Claire came to us five years ago after a ridiculously normal pregnancy and delivery. Nearly a nine-pound baby, she seemed to follow in her older sister's footsteps. We were prepared to repeat the drill we had learned the hard way with child number one -- the first steps, the first words, the stitches in the chin and the admiring comments of friends and strangers alike about a new little girl.

But Claire brought us new challenges and took us into uncharted territory. The comments and glances from friends and strangers have been of a different sort. There would be no first steps, no first words and no stitches in the chin. Claire always has new shoes because she never leaves her pink wheelchair. The correct term for it is "safety travel chair," but to me that sounds like something the Von Trapp children used to cross the Austrian mountains in The Sound of Music.

The character of this chair is symbolic of the frightening challenges Claire must face. A glance at it makes you recall that you are scheduled for root canal work.
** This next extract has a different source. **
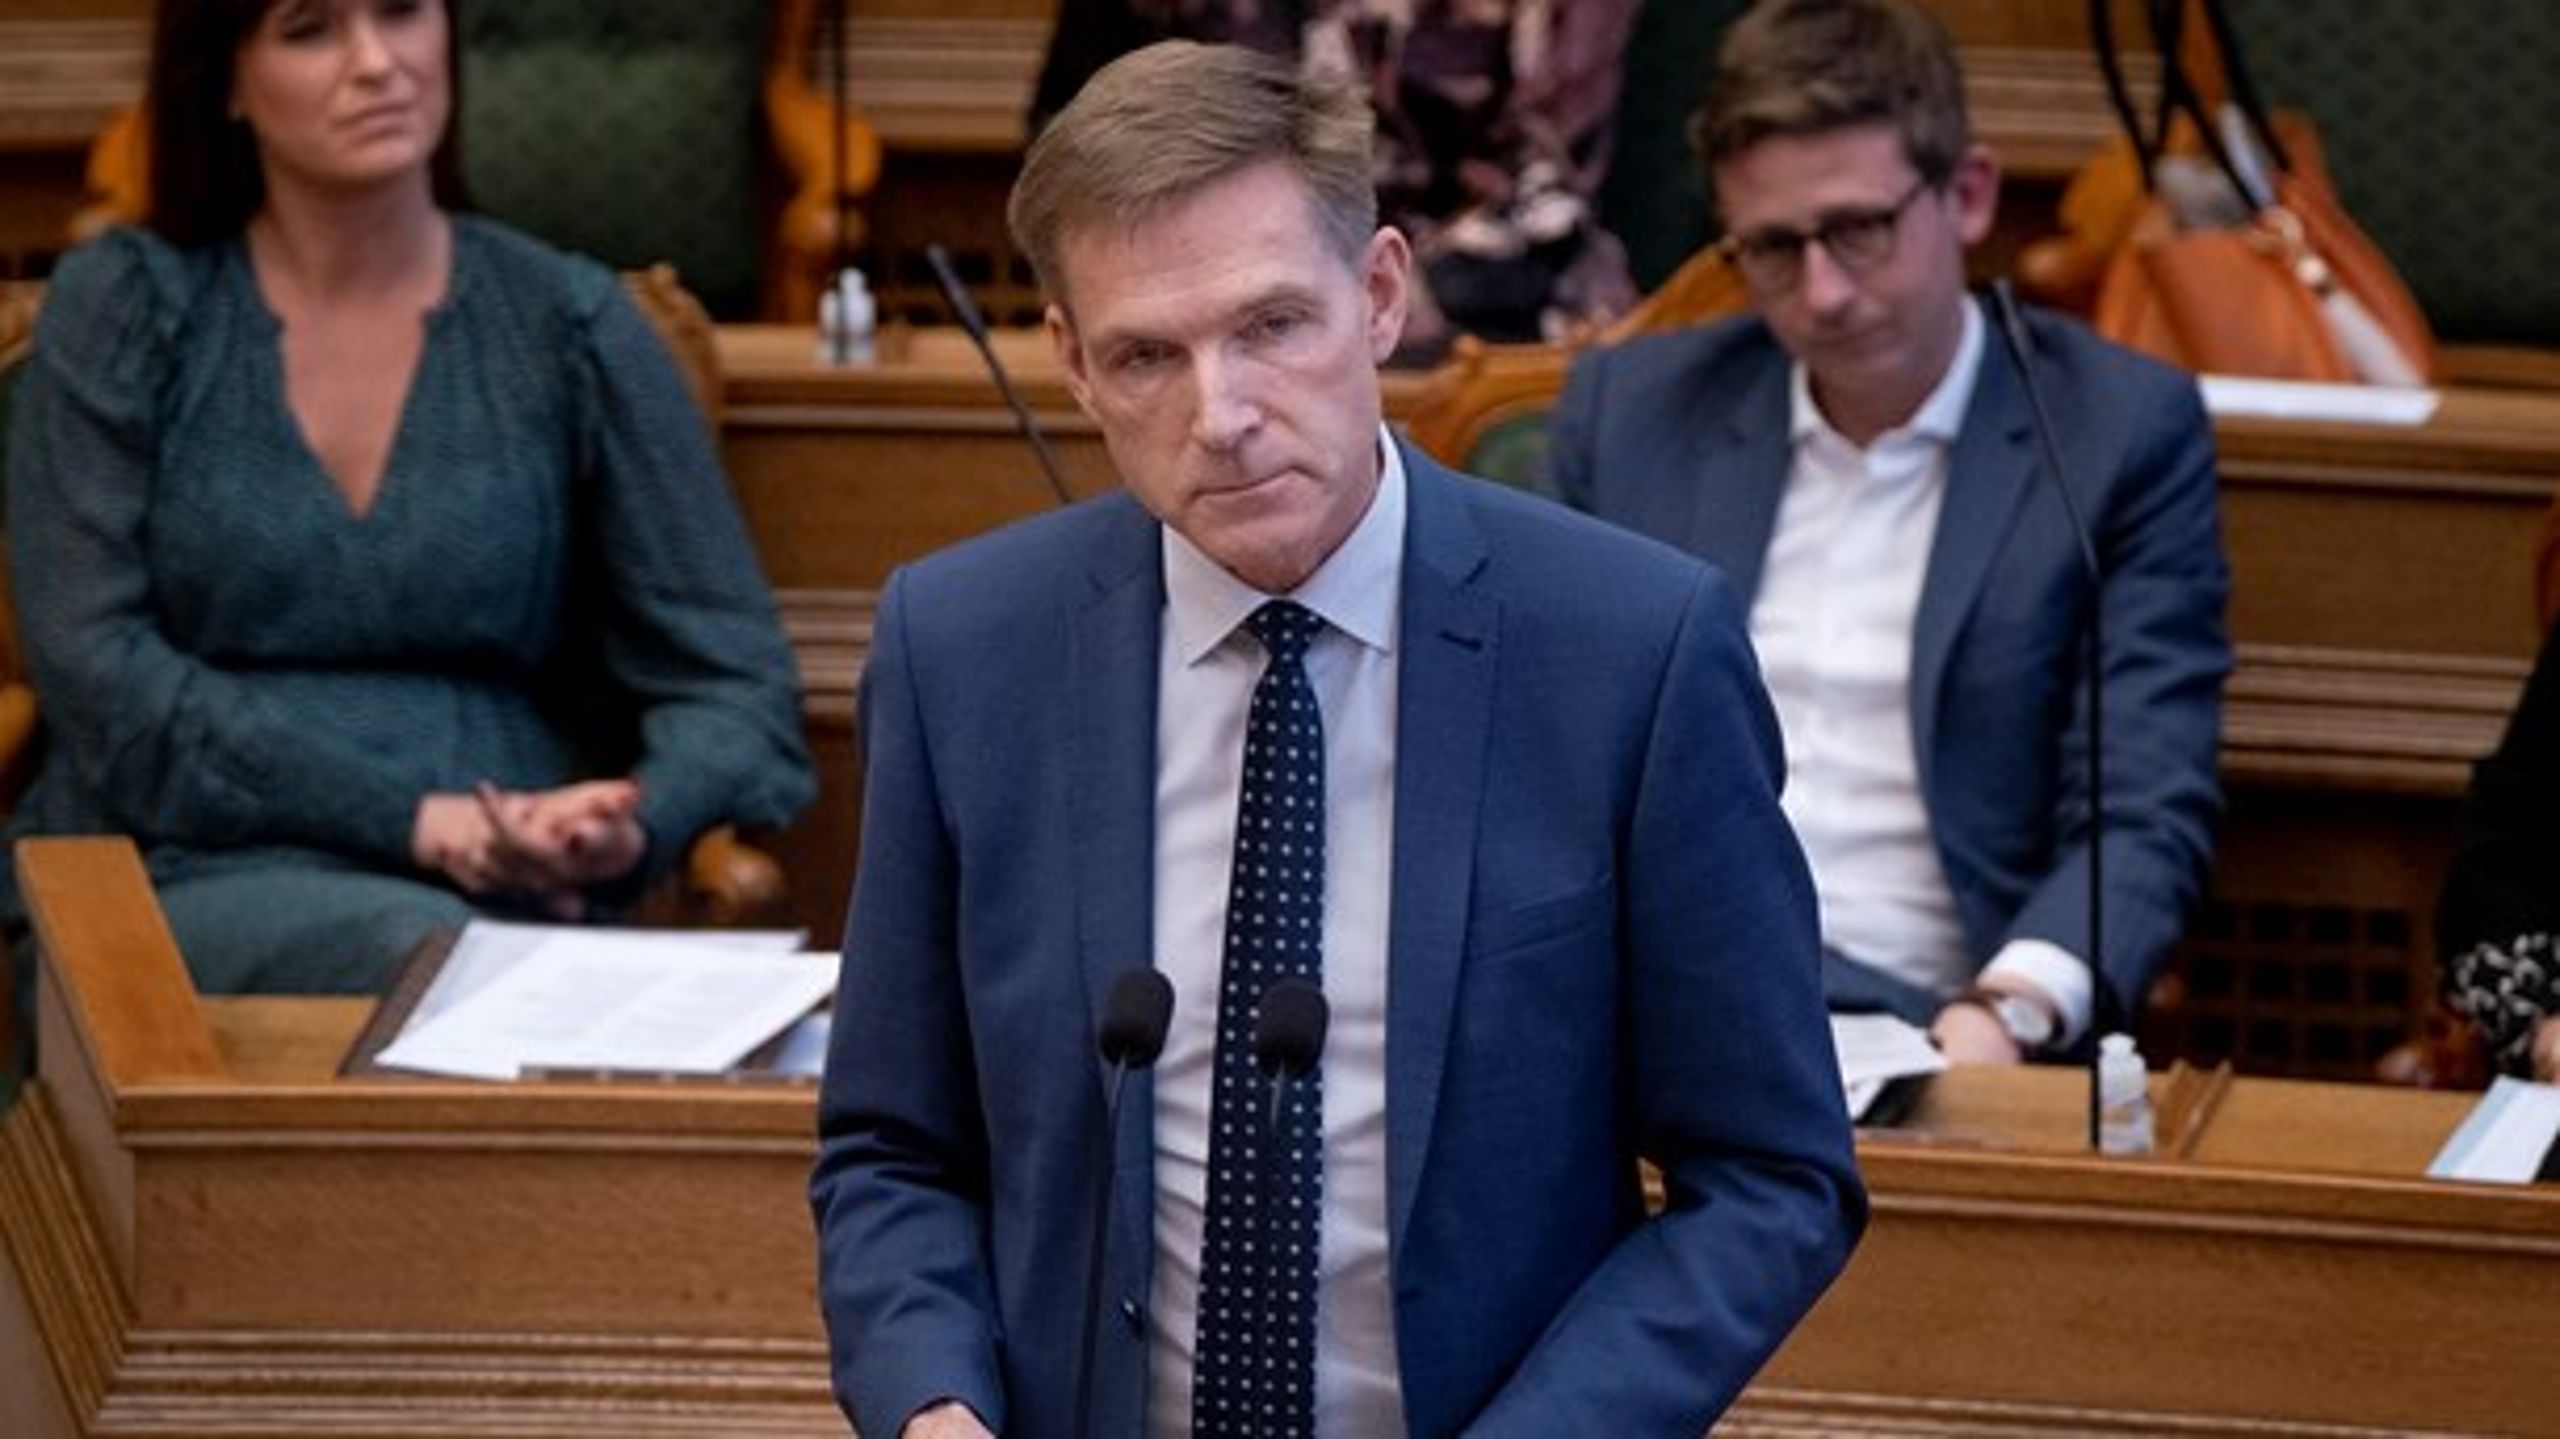 DF-formand Kristian Thulesen Dahl og Dansk Folkeparti har mistet 30 ud af 223 pladser i landets kommunalbestyrelser siden 2017.

You can almost hear the sound of the drill because of the chair's foreboding appearance. Occasionally, if the chair is in view in our entryway when my other children's friends come to the door, they cower as if they have mistakenly rung the Addams Family doorbell.

Like the chair, Claire's life is different. In all of us, she causes a hesitation, a pause, a reluctance to laugh because we're never sure if we're doing the "right" thing. I have often asked my mother for advice on handling chicken pox. But mothers aren't much help if you have a question about low muscle tone and resulting scoliosis or the problems of cortical blindness.
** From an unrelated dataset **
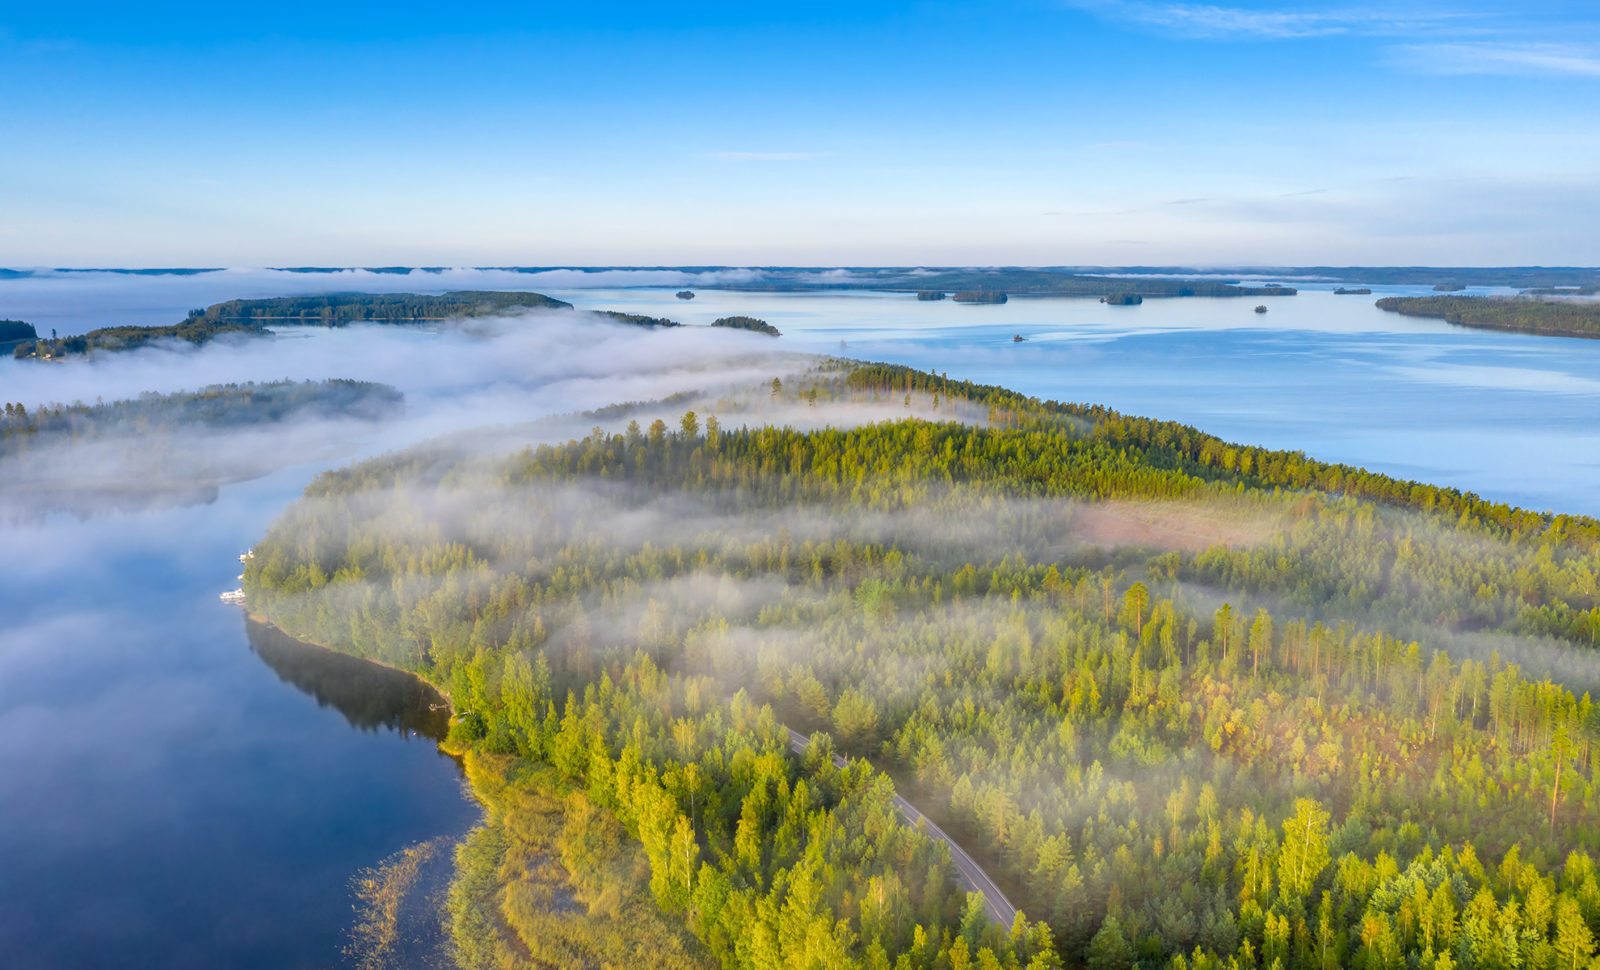 Landscape Finland scaled Esencja lodowca zamknięta w butelce

There was the time Claire's concerned teacher from preschool called to check on our sick dear and inquired, "When will little Claire be back on her feet?" We exchanged a chuckle and rejoiced at the precious moment Claire's individuality had given us as we worked with a unique child on her journey through life.

Other people's reactions to Claire's behavior are often no different than reactions to children who are misbehaving. Near Halloween, Claire's nondisabled cousin threw a tantrum in the Taco Bell drive-through. As her family drove through for their beefy burritos, the youthful attendant asked, "Are we practicing our Halloween noises early?" Similarly, last year as Claire and I walked through a garden of Christmas lights, she lapsed into one of her seizures. It was one of those seizures we have come to describe to our neurologist as "screamers." And while Claire fought earnestly with a strange electrical jolt journeying through her 24-pound body, an elderly woman turned, scowled and covered her ears in disgust.

What's Wrong With Her?

There are memorable evenings in restaurants as those around us tackle the concept of physical imperfection in a Cindy Crawford world. There was one incident in which I overstepped my bounds because of exasperation. A small girl at the table next to us was intrigued by Claire's appearance and inquired, "What's wrong with her?" There was the telltale lisp and volume control of all four-year-olds. The child's mother, embarrassed, shuffled silverware and commanded, "Turn around and eat your salad." Mothers of four-year-olds have long lost their ability for volume control,

But four-year-olds don't know the rules and their curiosity knows no bounds. 1 explained, "She's handicapped and needs a wheelchair." Again, the question: "But what's wrong with her?" Again, the mother's "Turn around and eat your salad," as she nervously coped with her awkward predicament. I found myself trying to explain the origins of genetic metabolic disease to this inquisitive moppet. But the question and the salad command continued their rhythmic volley. Finally, I offered, "Well, Claire didn't eat her salad." I often have visions of the child's pitiful life consumed with eating salad to avoid Claire's fate.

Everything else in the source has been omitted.